Um no. After all we are talking about a cat owner here.

And all I can say is KARMA baby!

Yep.....I'm sooo not a cat person!


----------



## Jazzz (Mar 15, 2012)

Manda1032 said:


> Um no. After all we are talking about a cat owner here.
> 
> And all I can say is KARMA baby!
> 
> Yep.....I'm sooo not a cat person!



i have 6 cats at the moment =] im a foster carer and all are kept inside at all times! i only adopt my kittens out to people who i believe are responsible and agree to keep them inside.

i would not adopt one of my kittens to this woman...


----------



## dragonlover1 (Mar 15, 2012)

saratoga said:


> Got the hint and posted this...well has to be moderated first so see what happens.
> 
> "How are all these snakes, lizards, frogs and insects that your cat kills managing to find their way inside your house?
> 
> ...



have to agree 100%,my ex-wife has a cat that is never allowed outside which is the way it should be,unfortunately she also has a mini foxie that kills lizards (I'd like to kill it) and also attacks the big dog .


----------



## $NaKe PiMp (Mar 15, 2012)

man these people drive me nuts,they think its perfectly ok for a cat to kill all living things and there proud of it,
but you see the thing is
i bet i can find and trap more cats, and club them to death,than that ladies cat can find brown snakes 
just sayin....


----------



## smeejason (Mar 15, 2012)

My reply
. Honestly how can u whine about your cat getting bitten when you obviously approve of it killing our native wildlife. 
If only our wildlife was immune to cat attacks and retards owners of free roaming cats but unfortunately they are immune to neither. 
Hopefully I get to read in headlines next week " stupid cat owner is bitten by brown snake brought into house by their free roaming cat"And then
" brown snake wins australian of the year for making Australia a smarter place"


----------



## Fuscus (Mar 15, 2012)

At time of writing zero comments have been cleared.


----------



## PhilK (Mar 16, 2012)

$NaKe PiMp said:


> man these people drive me nuts,they think its perfectly ok for a cat to kill all living things and there proud of it,
> but you see the thing is
> i bet i can find and trap more cats, and club them to death,than that ladies cat can find brown snakes
> just sayin....


This attitude is no better than people clubbing snakes to death - it is not the cats fault it is owned by an idiot and allowed outside. They are only doing what comes naturally. There is no need to kill something painfully and slowly - a swift death is the right of every animal from toads to cats to dogs to rats.

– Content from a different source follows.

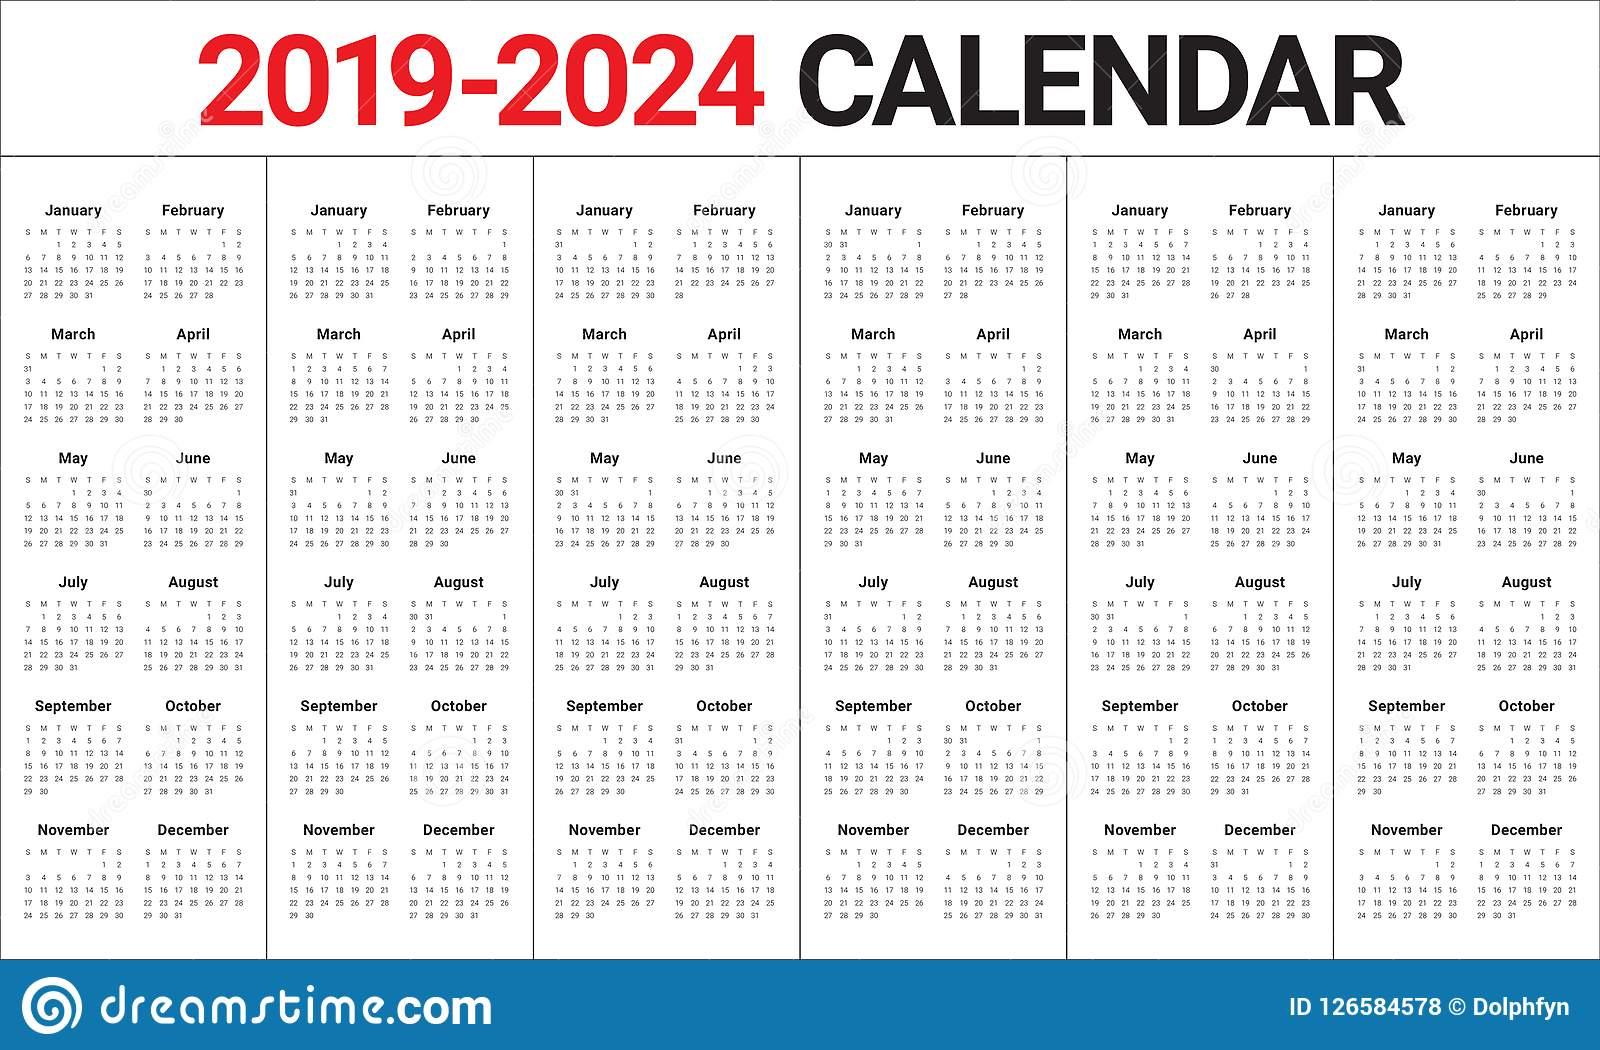 Ramadan Calendar 2020. 💣 Islamic Calendar 2020. 20191121 throughout Isha Lunar Calendar 2020
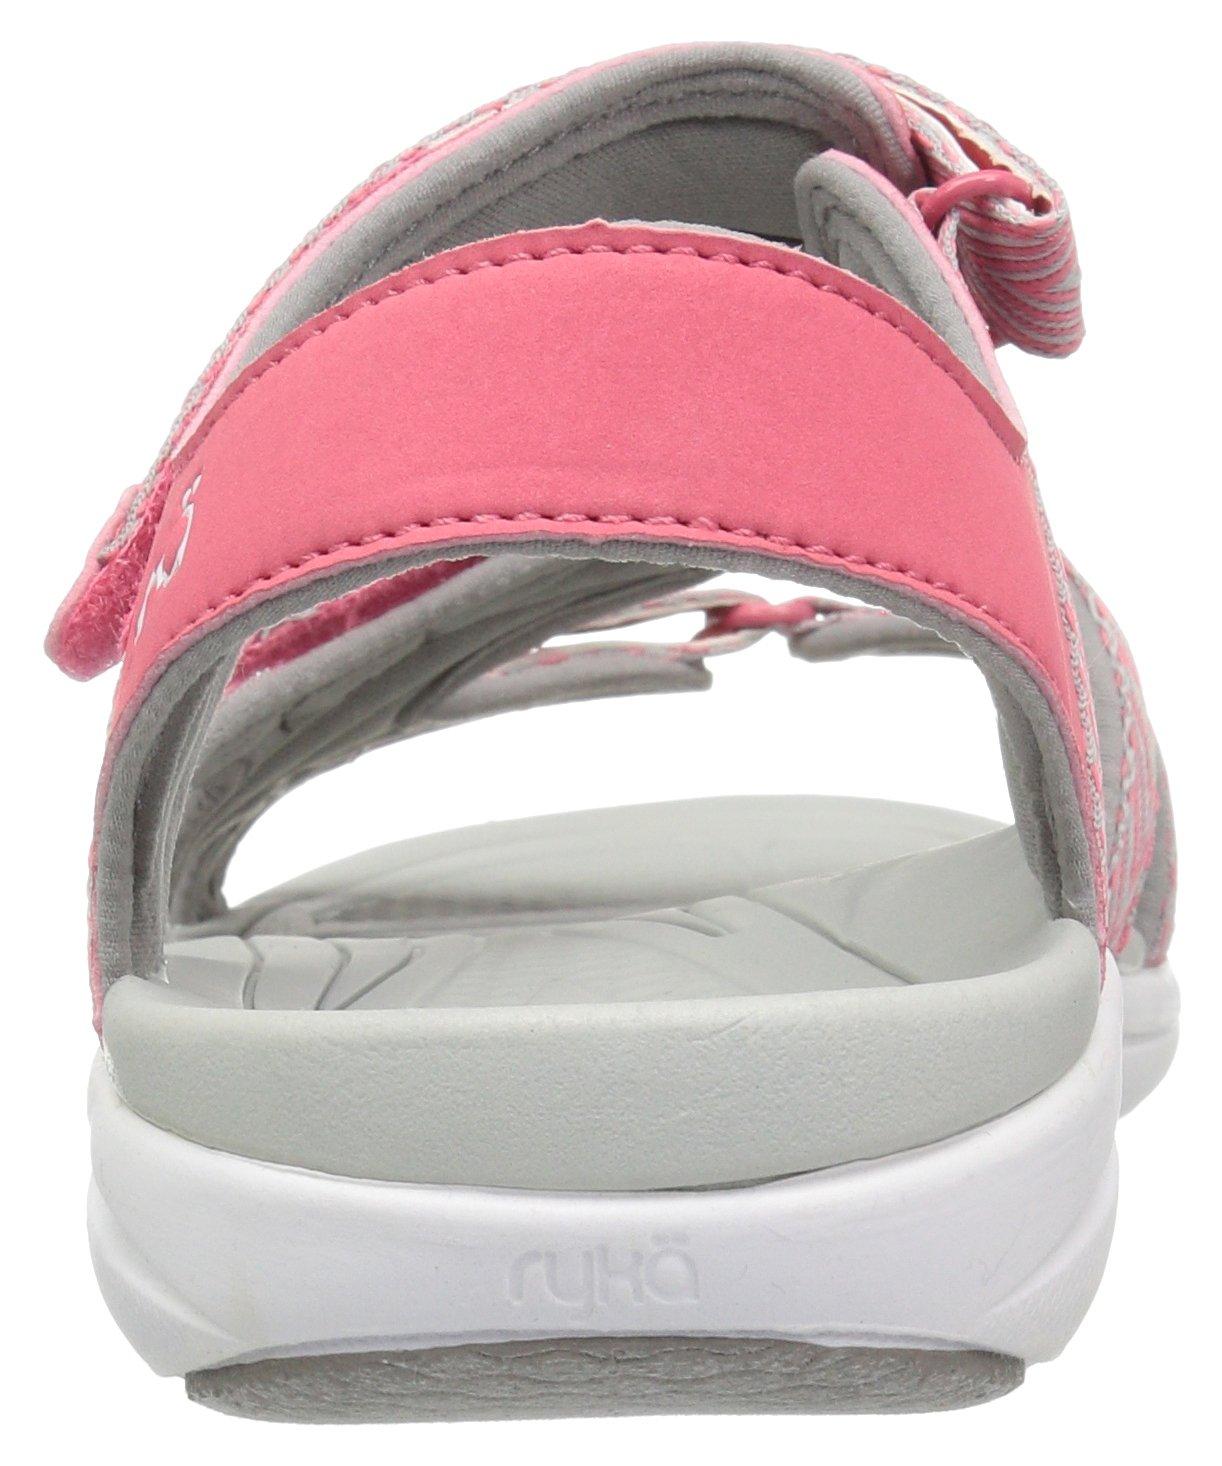 Ryka Women's Savannah Sandal B01KWH5VPY 10 W US|Coral/Grey

I have seen plenty of dogs killing bulk wildlife yet people never harp on about them or say they should be kept inside only. My friends yard is constantly littered with little snakes and blue tongues from his poodle.


----------



## Manda1032 (Mar 16, 2012)

Jazzz said:


> i have 6 cats at the moment =] im a foster carer and all are kept inside at all times! i only adopt my kittens out to people who i believe are responsible and agree to keep them inside.
> 
> i would not adopt one of my kittens to this woman...

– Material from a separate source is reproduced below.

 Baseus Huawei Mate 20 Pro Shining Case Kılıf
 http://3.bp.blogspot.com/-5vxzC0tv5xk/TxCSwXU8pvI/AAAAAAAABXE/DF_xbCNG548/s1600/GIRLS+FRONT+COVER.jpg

And you are my most favourite person in the world! So few people treasure their cats. I have a dear friend who worked her butt off to pay for an outdoor cat run down the entire side of her house so her cats could go outside in safety.
You don't let your snake, bird, lizard or dog out unattended why is it ok to do it with a cat?


----------



## Manda1032 (Mar 16, 2012)

PhilK said:


> This attitude is no better than people clubbing snakes to death - it is not the cats fault it is owned by an idiot and allowed outside. They are only doing what comes naturally. There is no need to kill something painfully and slowly - a swift death is the right of every animal from toads to cats to dogs to rats.
> 
> I have seen plenty of dogs killing bulk wildlife yet people never harp on about them or say they should be kept inside only. My friends yard is constantly littered with little snakes and blue tongues from his poodle.



So it's agreed..... Club the owners!


----------



## Jazzz (Mar 16, 2012)

Manda1032 said:


> And you are my most favourite person in the world! So few people treasure their cats. I have a dear friend who worked her butt off to pay for an outdoor cat run down the entire side of her house so her cats could go outside in safety.
> You don't let your snake, bird, lizard or dog out unattended why is it ok to do it with a cat?



i love my cats =] but im also studying environmental science so love the wildlife!

they should really make those cat runs more affordable... they are ridiculously expensive! 

A lot of people think that dead wildlife is just a normal part of owing a cat. 

I had a lady contact me about adopting a kitten and she already had a dog and a cat. I asked how they get along and she said they leave each other alone unless they are playing with a blue tongue... This is something she obviously thinks is ok! i just sent back a paragraph about responsible pet ownership and she did not get my kitten!


----------



## mmafan555 (Mar 18, 2012)

PhilK said:


> I have seen plenty of dogs killing bulk wildlife yet people never harp on about them or say they should be kept inside only. My friends yard is constantly littered with little snakes and blue tongues from his poodle.




Yeah this is what you call a DOUBLE STANDARD.........Okay for Dogs to do it but not okay for Cats!!!


----------